As used herein, the term “unmodified microorganism” does not exclude strains including mutation that may occur naturally in microorganisms, and may be a wild-type strain or a natural strain itself or may be a strain before the trait is changed by genetic variation due to natural or artificial factors. For example, the unmodified microorganism may be a strain into which the variant SpoT protein described in the present specification is not introduced or has not yet been introduced. The term “unmodified microorganism” may be used interchangeably with “strain before being modified”, “microorganism before being modified”, “unvaried strain”, “unmodified strain”, “unvaried microorganism”, or “reference microorganism”.


For another example of the present disclosure, the microorganism of the present disclosure may be a microorganism of the genus Escherichia. Specifically, the microorganism may be Escherichia coli, but is not limited thereto.


With regard to the microorganism of the present disclosure, the variant SpoT protein, polynucleotide, L-amino acid, etc. are as described in other aspects.


Still another aspect of the present disclosure provides a method of producing an L-amino acid, the method including the step of culturing the microorganism of the genus Escherichia of the present disclosure in a medium.

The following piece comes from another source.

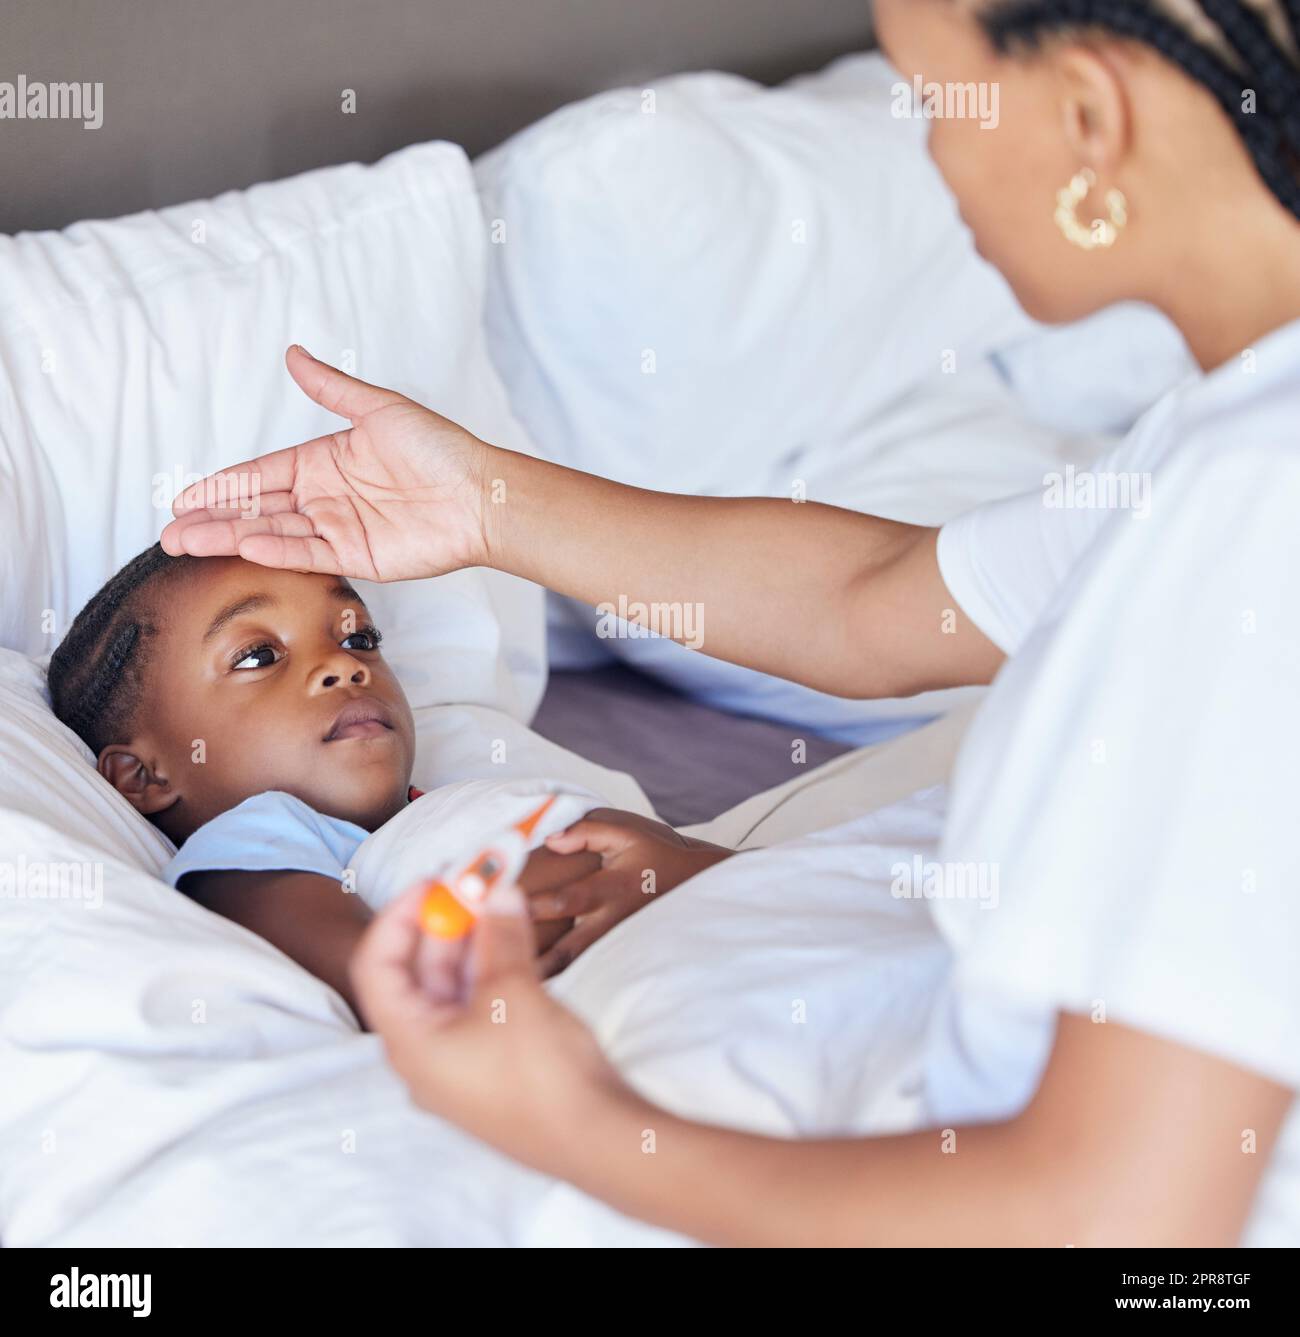 Sick little girl in bed while her mother uses a thermometer to check her temperature. Black single parent feeling daughters forehead. African American child feeling ill while her mother checks fever Stock Photo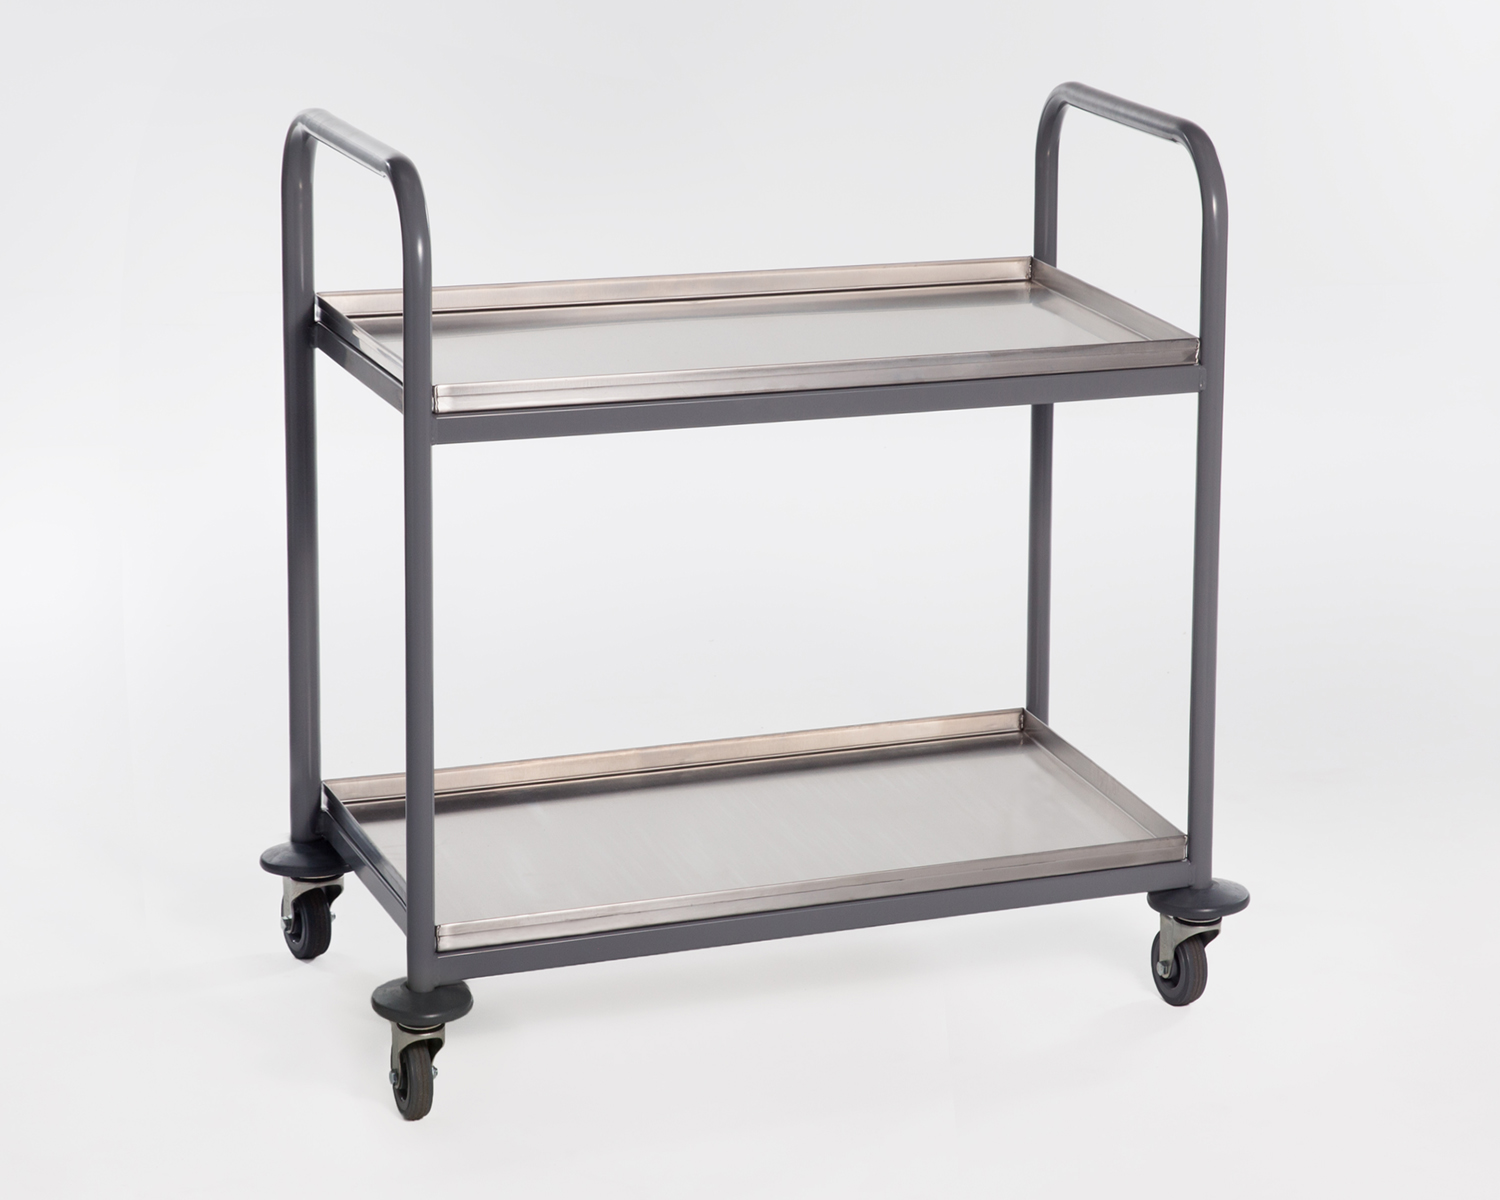 Laboratory Trolley Powdercoat with Stainless Steel Shelves copy

The method of producing an L-amino acid of the present disclosure may include the step of culturing, in a medium, the strain of the genus Escherichia including the variant SpoT protein of the present disclosure or the polynucleotide of the present disclosure or the vector of the present disclosure.


In one embodiment, the L-amino acid may be L-tryptophan.


As used herein, the term “culturing” means growing the strain of the genus Escherichia of the present disclosure under appropriately controlled environmental conditions. The culturing process of the present disclosure may be performed according to suitable medium and culture conditions known in the art. Such a culture process may be easily adjusted and used by those skilled in the art according to the selected strain. Specifically, the culturing may be a batch type, continuous type, and/or fed-batch type, but is not limited thereto.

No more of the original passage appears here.